EXERCISE DESCRIPTION:
An exact copy of all the data is the expected answer.

(ENTRIES SHOWN)

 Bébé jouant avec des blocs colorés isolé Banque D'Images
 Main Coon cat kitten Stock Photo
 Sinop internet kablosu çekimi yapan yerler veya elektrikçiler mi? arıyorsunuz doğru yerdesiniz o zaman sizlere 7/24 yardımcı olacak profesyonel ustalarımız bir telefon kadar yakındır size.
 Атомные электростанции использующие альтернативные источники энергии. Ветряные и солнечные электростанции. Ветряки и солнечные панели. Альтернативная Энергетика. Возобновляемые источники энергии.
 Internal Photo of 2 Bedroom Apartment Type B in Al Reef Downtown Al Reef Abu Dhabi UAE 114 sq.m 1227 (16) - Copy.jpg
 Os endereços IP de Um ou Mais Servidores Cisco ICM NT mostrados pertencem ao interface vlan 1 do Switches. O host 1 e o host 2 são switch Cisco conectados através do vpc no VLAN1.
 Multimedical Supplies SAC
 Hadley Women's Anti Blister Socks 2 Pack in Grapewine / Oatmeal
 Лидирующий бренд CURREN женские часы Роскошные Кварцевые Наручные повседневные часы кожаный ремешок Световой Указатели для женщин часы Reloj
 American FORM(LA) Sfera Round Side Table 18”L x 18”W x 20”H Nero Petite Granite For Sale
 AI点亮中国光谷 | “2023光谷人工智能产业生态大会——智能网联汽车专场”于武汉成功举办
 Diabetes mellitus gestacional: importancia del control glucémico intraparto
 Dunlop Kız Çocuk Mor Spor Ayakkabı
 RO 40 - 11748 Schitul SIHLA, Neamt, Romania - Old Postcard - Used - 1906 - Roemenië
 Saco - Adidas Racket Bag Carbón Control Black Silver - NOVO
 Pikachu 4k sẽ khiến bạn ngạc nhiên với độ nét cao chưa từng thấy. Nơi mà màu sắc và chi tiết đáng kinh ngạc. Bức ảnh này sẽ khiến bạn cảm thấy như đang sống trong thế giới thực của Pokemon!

(End ENTRIES SHOWN)

WRITTEN RESPONSE:
 Bébé jouant avec des blocs colorés isolé Banque D'Images
 Main Coon cat kitten Stock Photo
 Sinop internet kablosu çekimi yapan yerler veya elektrikçiler mi? arıyorsunuz doğru yerdesiniz o zaman sizlere 7/24 yardımcı olacak profesyonel ustalarımız bir telefon kadar yakındır size.
 Атомные электростанции использующие альтернативные источники энергии. Ветряные и солнечные электростанции. Ветряки и солнечные панели. Альтернативная Энергетика. Возобновляемые источники энергии.
 Internal Photo of 2 Bedroom Apartment Type B in Al Reef Downtown Al Reef Abu Dhabi UAE 114 sq.m 1227 (16) - Copy.jpg
 Os endereços IP de Um ou Mais Servidores Cisco ICM NT mostrados pertencem ao interface vlan 1 do Switches. O host 1 e o host 2 são switch Cisco conectados através do vpc no VLAN1.
 Multimedical Supplies SAC
 Hadley Women's Anti Blister Socks 2 Pack in Grapewine / Oatmeal
 Лидирующий бренд CURREN женские часы Роскошные Кварцевые Наручные повседневные часы кожаный ремешок Световой Указатели для женщин часы Reloj
 American FORM(LA) Sfera Round Side Table 18”L x 18”W x 20”H Nero Petite Granite For Sale
 AI点亮中国光谷 | “2023光谷人工智能产业生态大会——智能网联汽车专场”于武汉成功举办
 Diabetes mellitus gestacional: importancia del control glucémico intraparto
 Dunlop Kız Çocuk Mor Spor Ayakkabı
 RO 40 - 11748 Schitul SIHLA, Neamt, Romania - Old Postcard - Used - 1906 - Roemenië
 Saco - Adidas Racket Bag Carbón Control Black Silver - NOVO
 Pikachu 4k sẽ khiến bạn ngạc nhiên với độ nét cao chưa từng thấy. Nơi mà màu sắc và chi tiết đáng kinh ngạc. Bức ảnh này sẽ khiến bạn cảm thấy như đang sống trong thế giới thực của Pokemon!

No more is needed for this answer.